Revealed: The Internet's well known BGP behavior

John Lee john at
Wed Aug 27 22:22:36 CDT 2008


VPN's and MPLS control intermediate hops and IPsec and SSL do not allow the info to be seen.

Rewriting the TTL only hides the number of hop count, trace route will still show the hops the packet has transited.

John (ISDN) Lee

From: Patrick W. Gilmore [patrick at]
Sent: Wednesday, August 27, 2008 11:18 PM
To: NANOG list
Subject: Re: Revealed: The Internet's well known BGP behavior

On Aug 27, 2008, at 11:07 PM, John Lee wrote:

> 1. The technique is not new it is well known BGP behavior and not
> stealthy to people who route for a living.

Using existing technology in novel ways is still novel.  Plus it makes
the technique more accessible.  (Perhaps that is not a good thing?)

> 2. When your networks use VPNs, MPLS, IPsec, SSL et al you can
> control what packets are going where.

No, you cannot.  You can only ensure your end points are the end
points you think they are.  In no way, shape, or form do things like
IPsec, SSL, etc. verify or control the intermediate hops.
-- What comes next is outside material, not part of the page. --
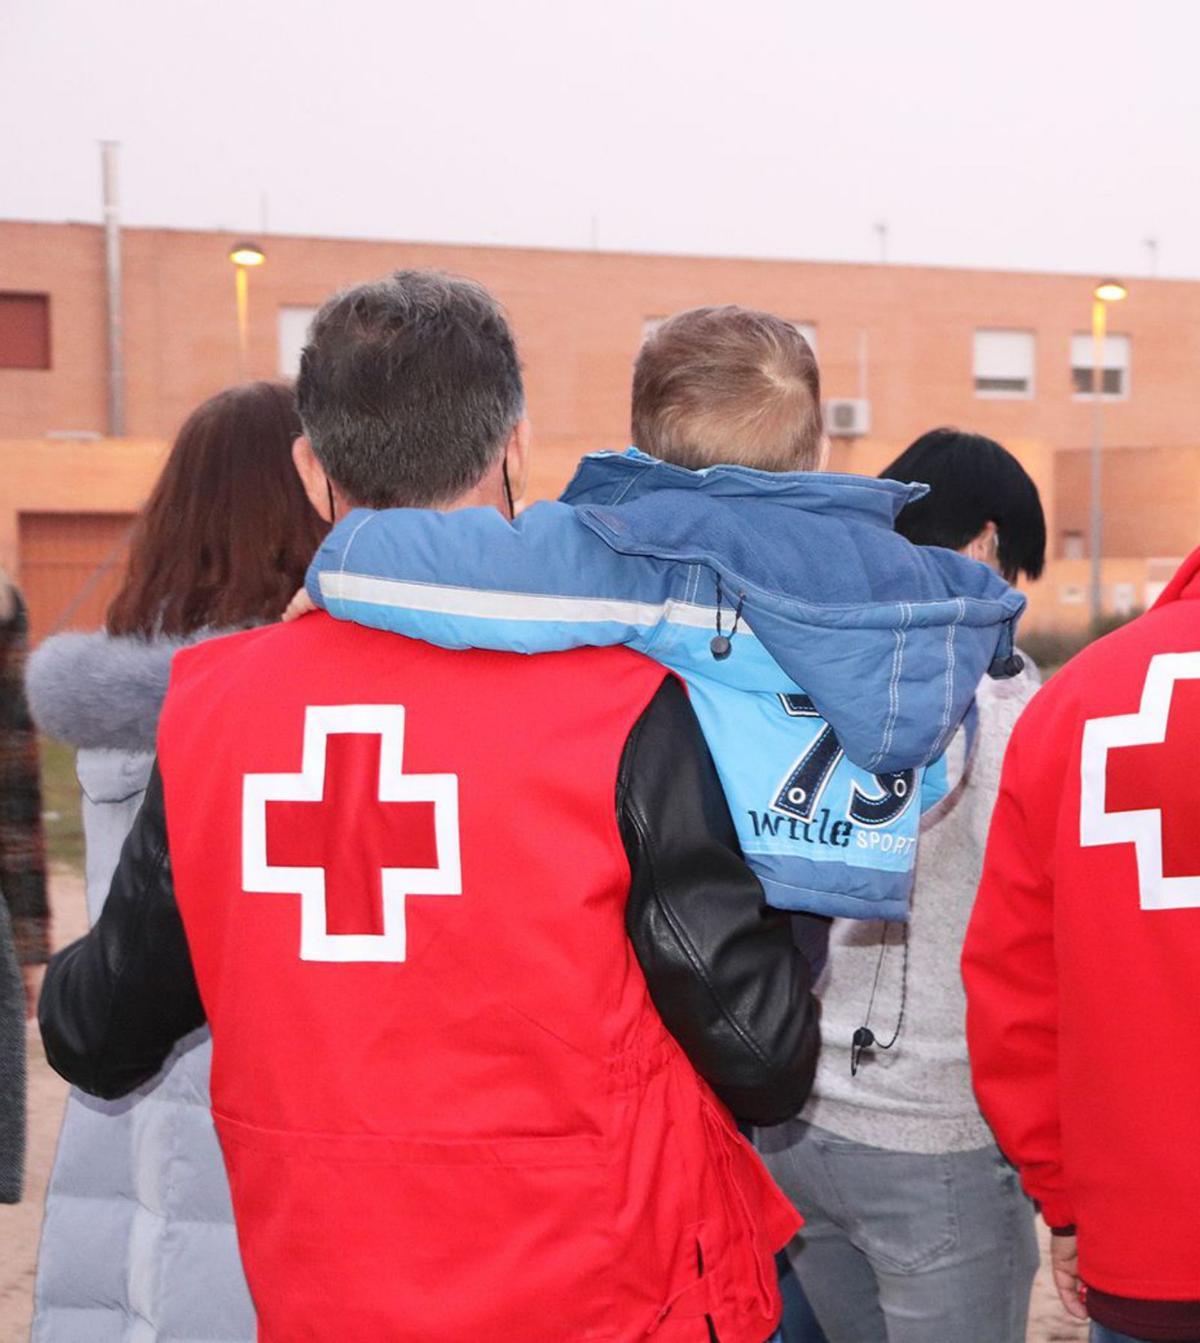 Voluntarios de Cruz Roja en una intervención con refugiados. | Cedida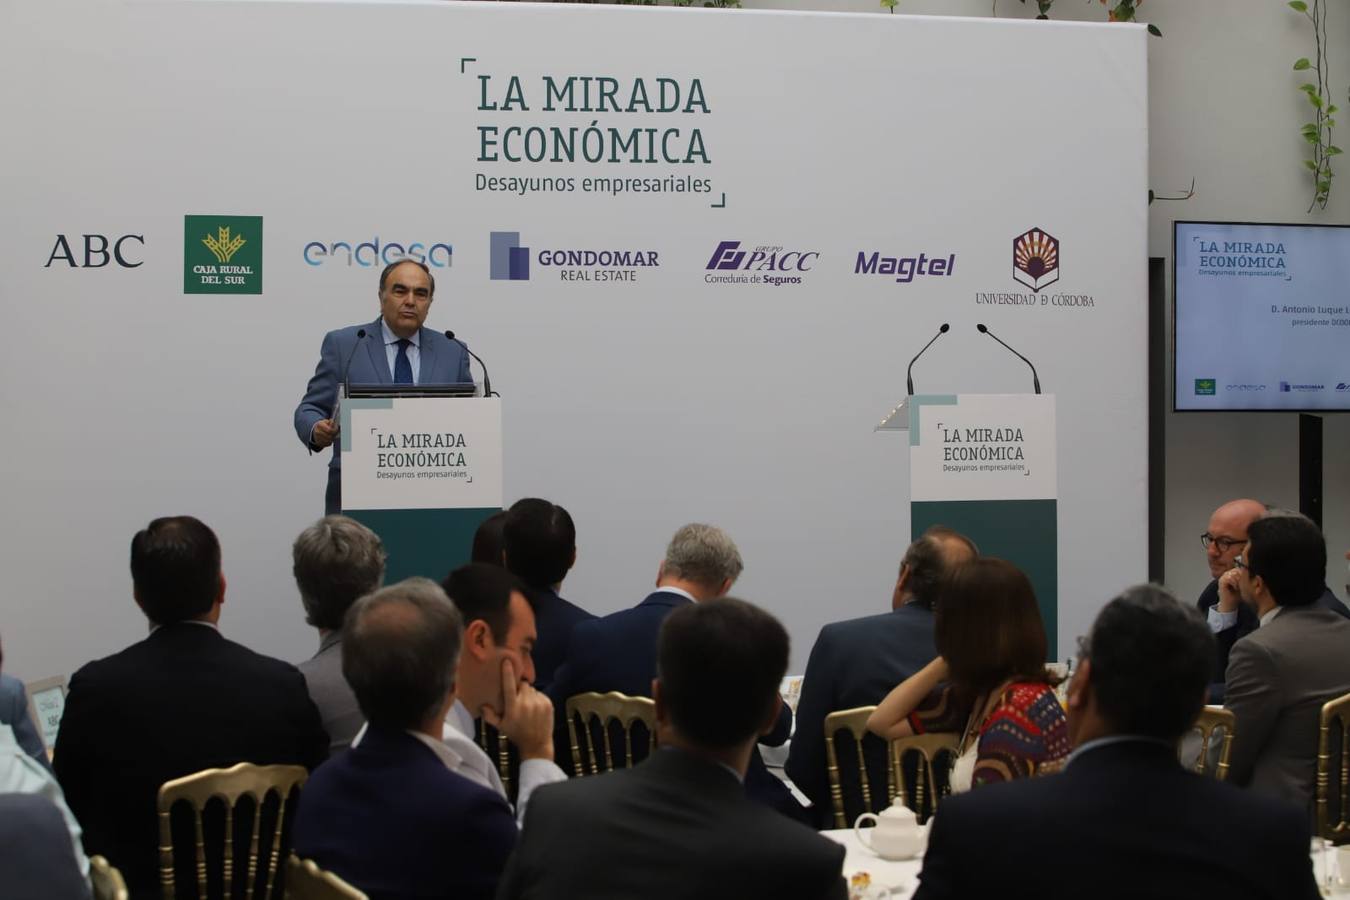 La Mirada Económica de ABC Córdoba, en imágenes

> 3. When you are running some number of trace routes per hour to see
> how and where your packets are going you spot the additional hops.

The presentation specifically shows hiding the hops by re-writing
TTLs.  Perhaps you do not understand this attack as well as you thought?

> 4. If you do cold potatoe routing and know where you peering points
> are and what the acls and peering policies are it is more difficult
> to hijack.

Would that network operators were so diligent.

> And finally you use high speed optical paths or broad band ISDN
> (ATM) why route when you can deterministically switch.

Because people want to be able to reach the entire planet with a
single port and without "deterministically" creating paths to every
single end point.

Why use ISDN (ATM) when you can do something useful?